Asthma and COPD are obstructive pulmonary diseases that have affected millions of people all over the world.39 They are two diseases with differences in etiology, symptoms, type of airway inflammation, inflammatory cells, mediators, consequences of inflammation, response to therapy and course.39 The similarities in airway inflammation in severe asthma and COPD and good response to combination therapies in both diseases suggest that they may share some pathophysiologic characteristics.40,41

We next turned to inspect the miRNA-mediated pathways between asthma-COPD. Both hsa-let-7a (differentially expressed in patients with severe asthma42) and hsa-let-7b play important roles in asthma by targeting pro-inflammatory pathways.29 We found two meta-paths, including hsa-let-7a-CASP3-CCND1-hsa-mir-20a and hsa-let-7b-CCND2-FOXO4-hsa-mir-499a between asthma and COPD, via mpDisNet (Fig. 7). Genetic studies and in vitro observations have shown potential associations of CCND1 and CCND2 with asthma and COPD.4345 In addition, CASP3 was reported to play a functional role in airway epithelial apoptosis46,47 and pro-inflammatory cytokines (FOXO4) may contribute to regulation of muscle atrophy and smooth muscle cell migration.48,49 Altogether, miRNA-mediated airway epithelial apoptosis and pro-inflammatory cytokine pathways (hsa-let-7a and hsa-let-7b) may offer potential mechanisms for the overlapping syndrome between asthma and COPD. In addition, several mpDisNet-predicted meta-paths, such as hsa-mir-148b-ADAM33-PGD-hsa-mir-1 and hsa-mir-221-ACTB-BUB1-hsa-mir-196a (Fig. 7) may offer new pathobiological pathways to explain the asthma-COPD comorbidity as well.5054

Fig. 7.

Fig. 7

Network-based identification of miRNA-mediated pathobiological pathways between COPD and asthma. Networks illustrate the relevant miRNA sets between COPD and asthma. The overlapping area of the two sets represents the commonly overlapped miRNAs between COPD and asthma within the human protein–protein interactome network model. The subnetwork is identified by searching the meta-paths from the human protein–protein interactome network through the random walk of miRNAs between COPD and asthma. Four meta-path M1 (disease–miRNA–gene–gene–miRNA–disease) random walks between COPD and asthma validated by literature data are highlighted

Discussion

Understanding of disease–disease relationships is important for the diagnosis, prevention, and treatment of the human disease. Most of the existing comorbid data are from the medical records analysis of clinical patients.3 This method requires a large amount of data calculation and has many interference factors. Recent remarkable development of systems biology technologies and network medicine approaches raised possibilities to predict disease comorbidities from human protein–protein interactome.2,3 In order to integrate biological networks to predict disease–disease relationships, we presented a network-based methodology, termed mpDisNet, to infer disease–disease relationships from miRNA regulatory network perspective.

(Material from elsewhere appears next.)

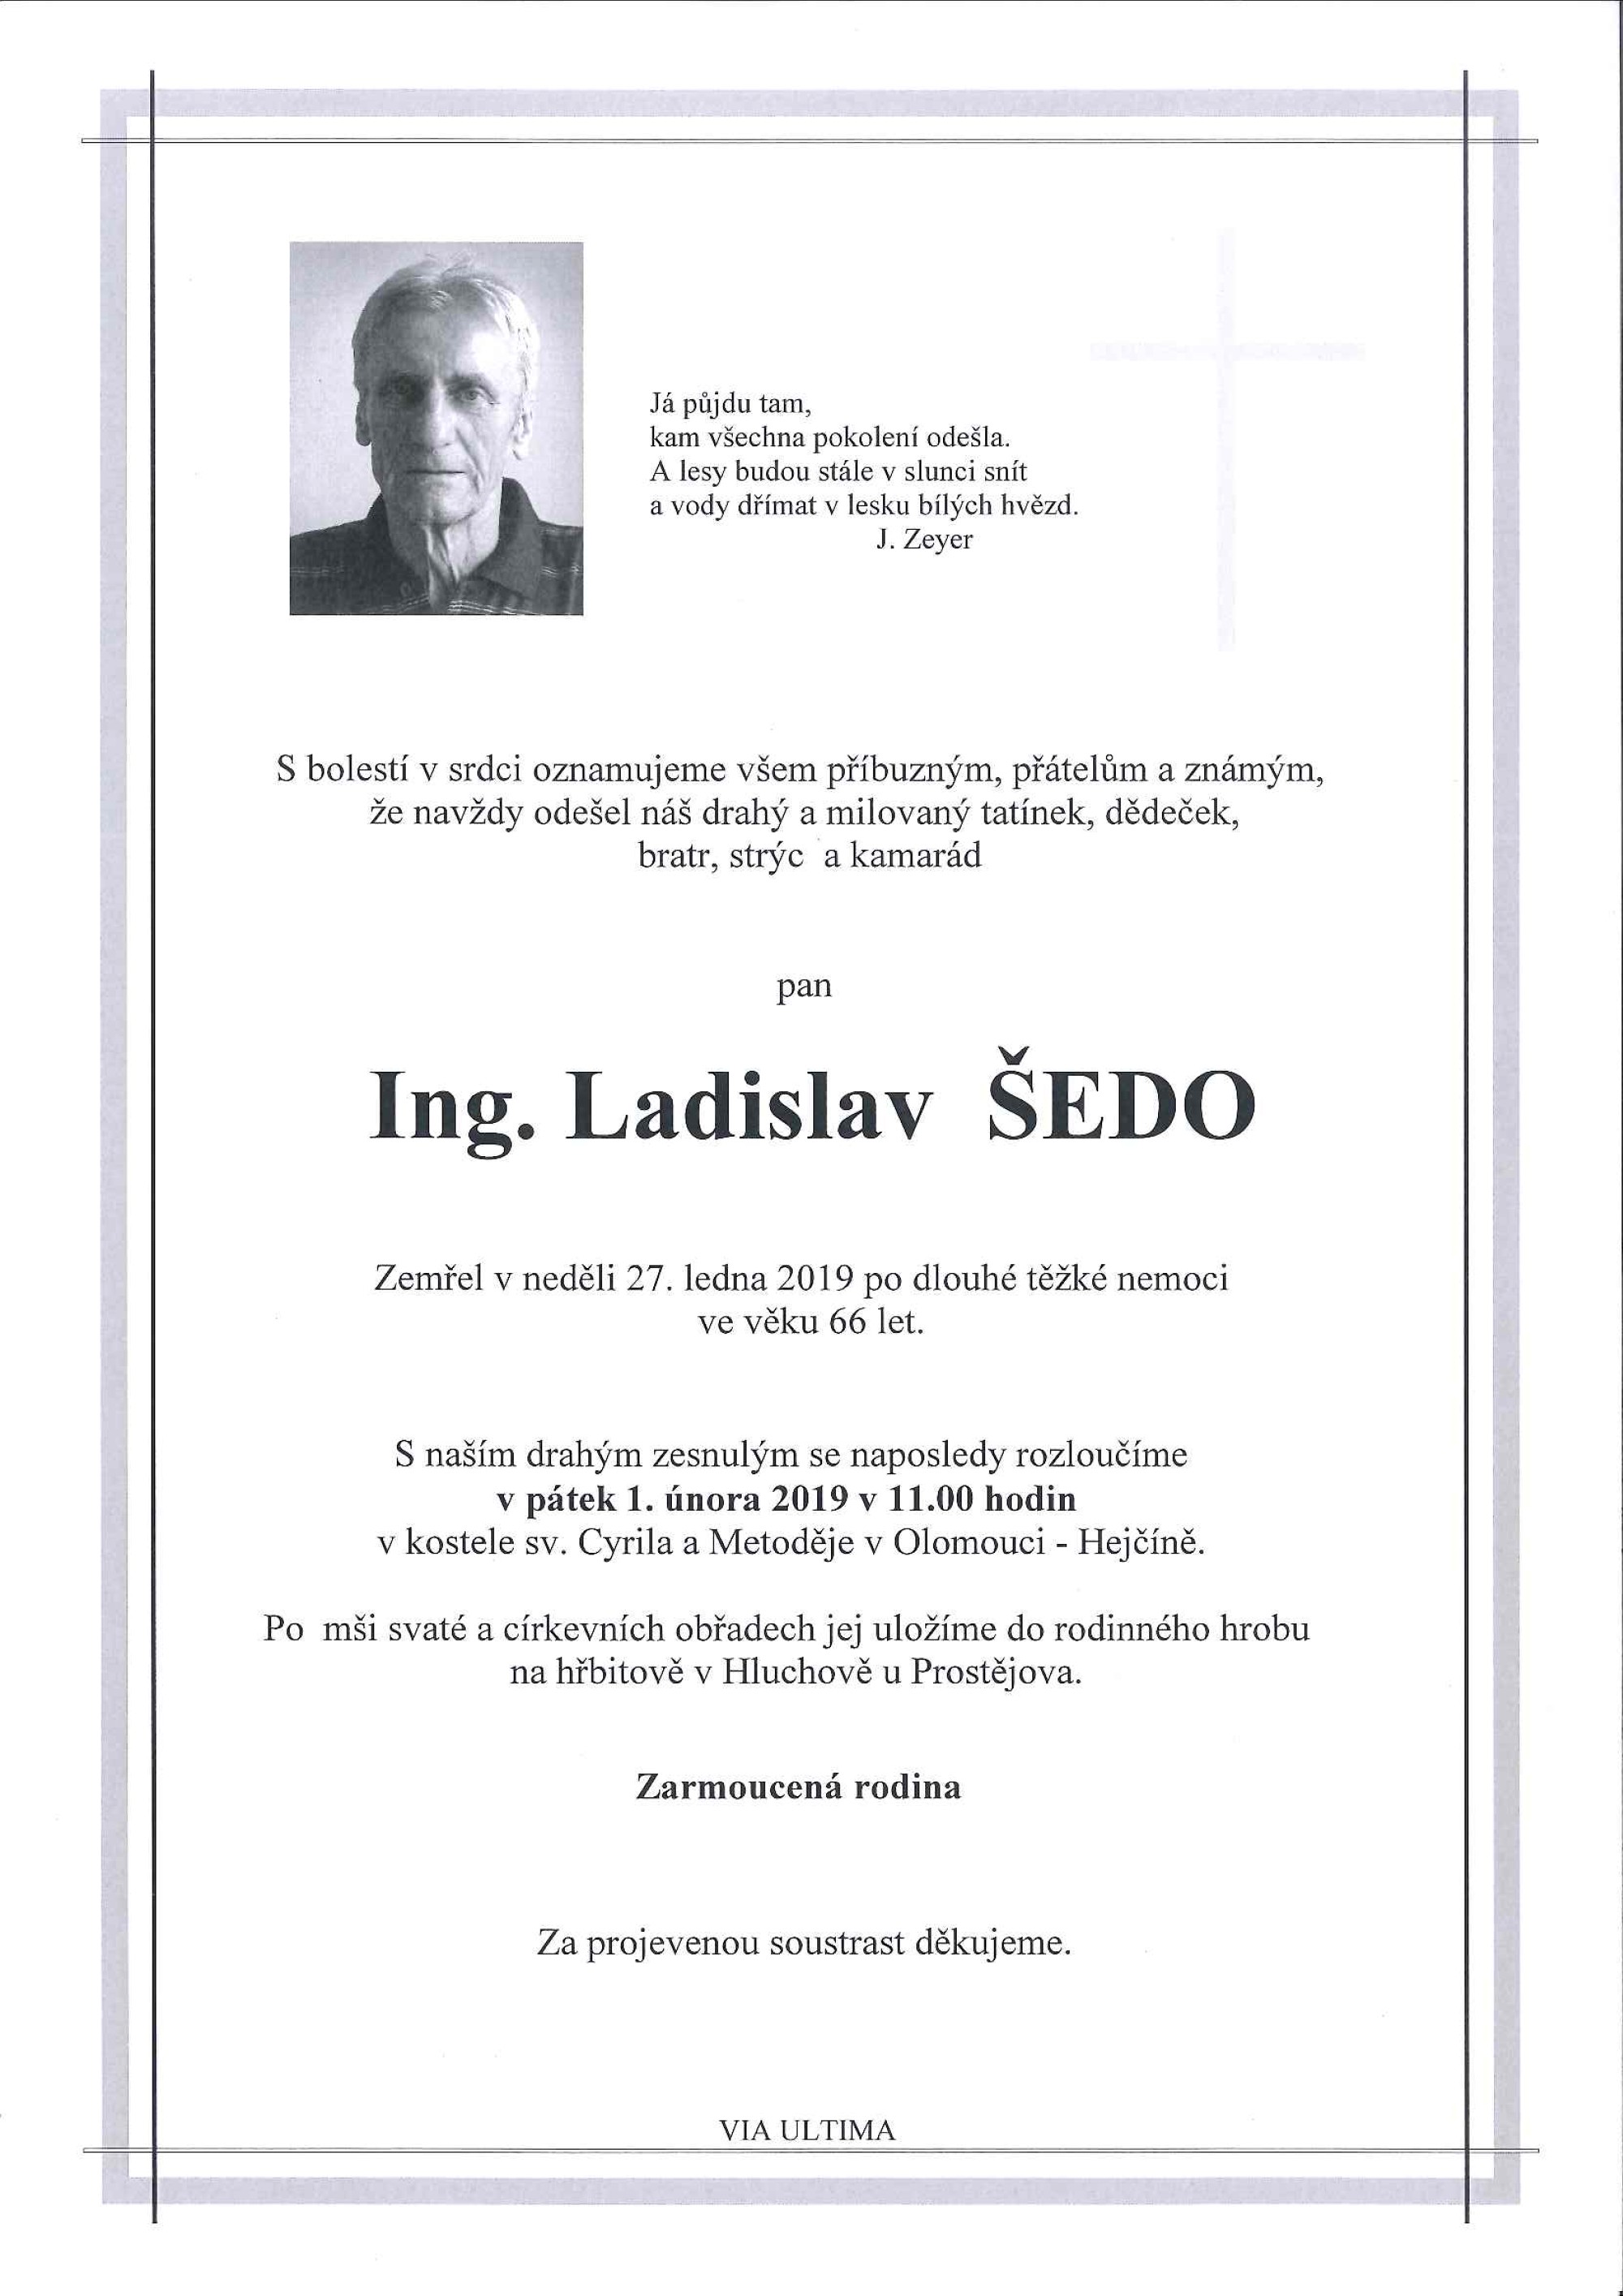 Ing. Ladislav Šedo

Specifically, we constructed a comprehensive, multi-layer biological network connecting diseases, miRNA, and genes. We employed a skip-gram algorithm to obtain the multidimensional feature vectors of disease and then calculated the disease–disease similarities from the reduced informative multidimensional vectors. We demonstrated that mpDisNet can identify both clinically reported and new disease–disease associations, outperforming miRNA-overlap measure. Moreover, mpDisNet offers miRNA-mediated pathobiological pathways by searching miRNA meta-paths from the human protein–protein interactome, as we showcased for lung cancer-associated asthma and asthma-COPD. However, comprehensive validation for more mpDisNet-predicted disease–disease relationships are warranted in the future.

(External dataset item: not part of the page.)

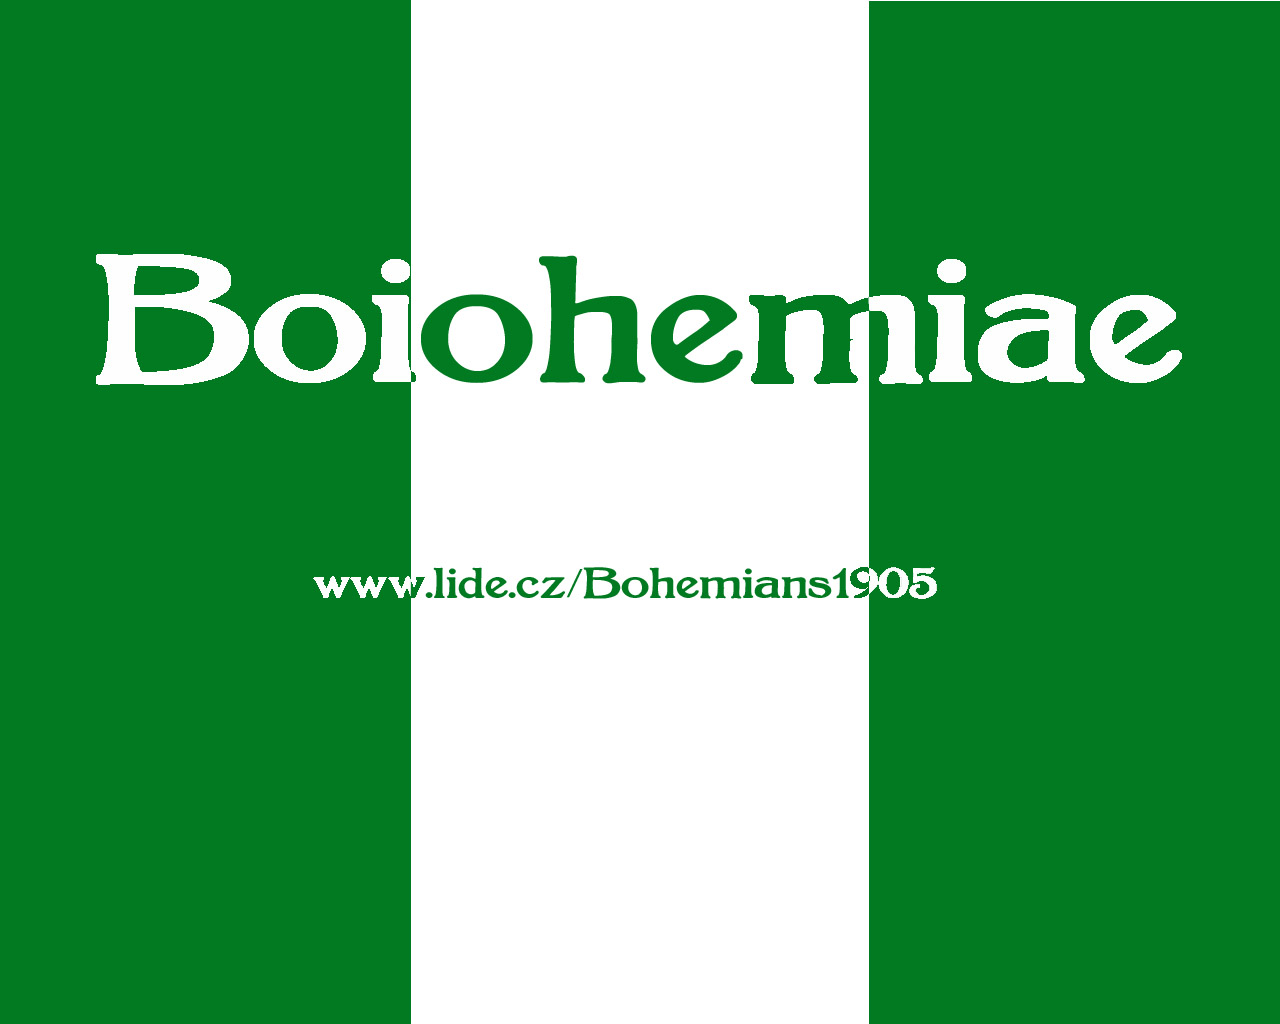 Vlajka Bohemianslide.jpg

We highlighted several significant contributions in the current study. We assembled four comprehensive networks, including disease–miRNA, miRNA–genes, disease–gene, and the human protein–protein interactome to search the meta-paths by mpDisNet. In this way, we can utilize the complementary information from different biological networks compared with traditional network-based approaches using single type of data.55,56 Network analysis further shows that integrating miRNA-mediated network can improve the capability in inferring disease–disease relationships, offering a new network-based tool for assessment of disease comorbidities. In addition, the network-based framework presented in mpDisNet could be applied for prediction of drug–target interactions, gene–gene (protein–protein) interactions, RNA–RNA interactions, and other biological networks as well. Finally, the new disease–disease relationships inferred by mpDisNet may offer potential candidate network biomarkers for better understanding of underlying pathobiological pathways from miRNA network perspective.

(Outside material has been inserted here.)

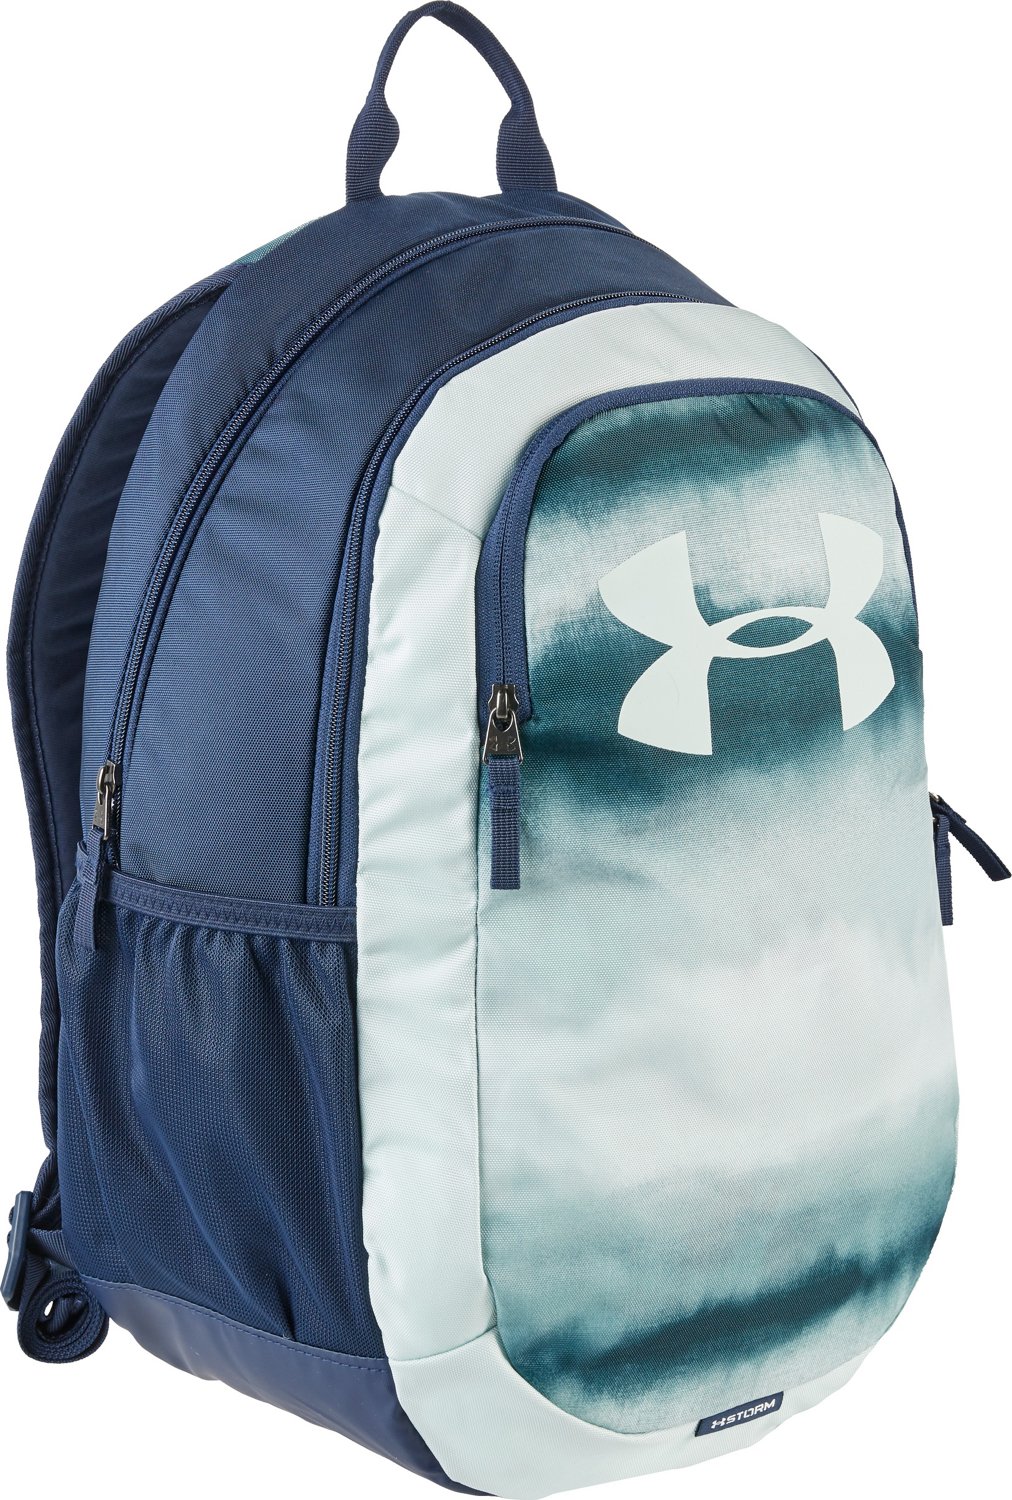 under armour backpack light blue

We acknowledged several potential limitations in current network-based framework of mpDisNet. First, when the known miRNA associated with disease is fewer, the comorbidity between disease pairs computed by miRNA-mediated networks may be false positive. Second, potential literature data bias (e.g., degree/connectivity of well-studied miRNAs/proteins) may generate a potential false positive rate. Third, each random walk requires a specific meta-path, and the choice of this single meta-path may also affect performance of mpDisNet. In the future, we may improve mpDisNet by integrating more comprehensive biological networks, analyzing the relevant associations in tissue-specific networks in which the disease occurs, adopting more flexible random walk strategies.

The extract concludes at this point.